To conclude, the borrowing cost of firms with higher technology intensity is higher than what would be expected based on their good performance indicators due to the specific nature of their business process which makes them vulnerable to changes in the risk premium and relativises their good solvency. Although no evidence was found that financing with banks would lead to lower total borrowing costs for such firms, their inclusion in the banks’ loan portfolios could have favourable effects on portfolio diversification. Even though such firms seem riskier from the aspect of traditional banking, by discriminating against them, banks are missing the opportunity to attract potentially good clients that, as a result, turn to venture capital funds, angel investors and crowdfunding platforms.

In order to stimulate the operation of firms with higher technology intensity, which are expected to contribute the most to development, some EU countries offer support through various economic policy measures, e. g. tax measures (tax credits, research and development tax incentives, options of hyper-accelerated amortisation, tax stimuli for patents, etc.), government investment co-financing, interest subsidies or government guarantees for loans, ensuring a legal framework for securitisation, etc.
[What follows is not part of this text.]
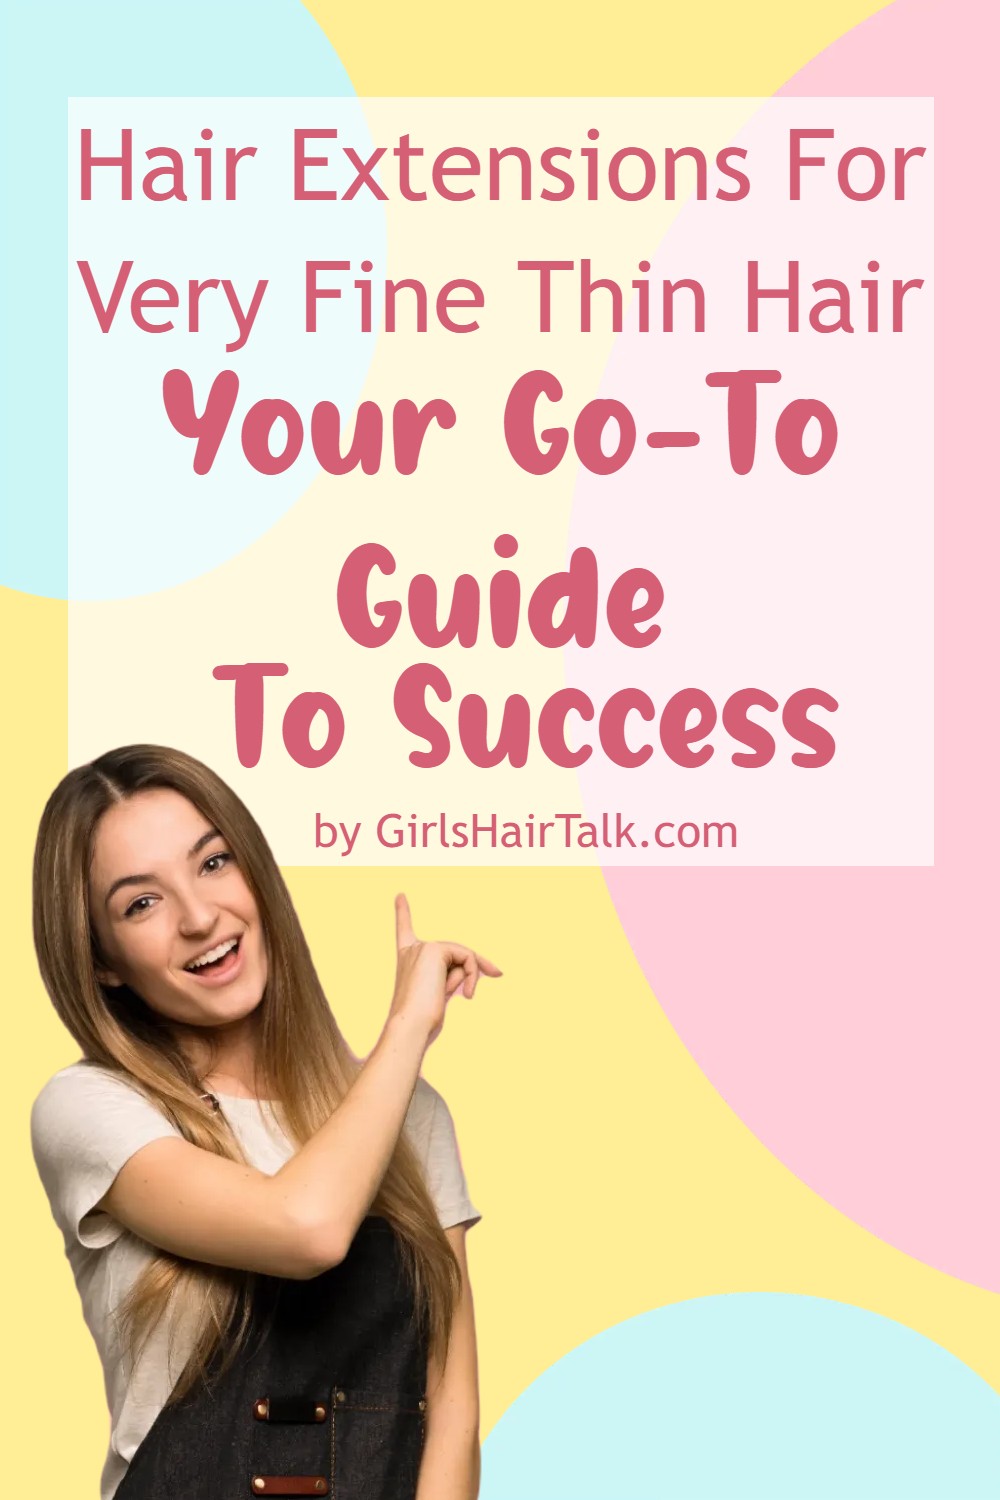 Hair Extensions For Very Fine Thin Hair

In that way, they reduce the cost of financing of firms with higher technology intensity and support investment and economic activity.

  1. Source: ESRB ( as at 15 June 2019

  2. The level of technology intensity is defined according to the Organisation for Economic Cooperation and Development (OECD) and the EUROSTAT classification of research and development intensity of individual industries as follows:a) high technology (HT): C21 – manufacture of basic pharmaceutical products and preparations, C26 – manufacture of computer, electronic and optical products,b) medium-high technology (MHT): C20 – manufacture of chemicals and chemical products, C27 – manufacture of electrical equipment, C28 – manufacture of machinery and equipment, C29 – manufacture of motor vehicles, trailers and semi-trailers, C30 – manufacture of other transport equipmentc) medium-low technology (MLT): C19, C22-C25, C33 – manufacture of coke and refined petroleum products, manufacture of rubber and plastic products, mineral products and metal products, repair and installation of machinery and equipmentd) low technology (LT): C10-C18, C31-C32 – manufacture of food products, tobacco products, beverages, textiles and wearing apparel, leather and related products, wood and paper and paper products, printing and reproduction of recorded media, manufacture of furniture and other manufacturing

  3. The BACH database currently includes non-financial corporations from 11 European Union countries: Austria, Belgium, the Czech Republic, Croatia, Germany, Spain, France, Italy, Luxembourg, Poland, Portugal and Slovakia. In this analytical annex, the data for the period from 2006 to 2017 was used for the aforementioned countries, except Luxembourg.

  4. The contribution of high-technology and medium-high-technology firms to gross value added in Croatia is relatively modest at 26%, which is noticeably lower than around 72% in Germany, 52% in the Czech Republic and 46% in Belgium.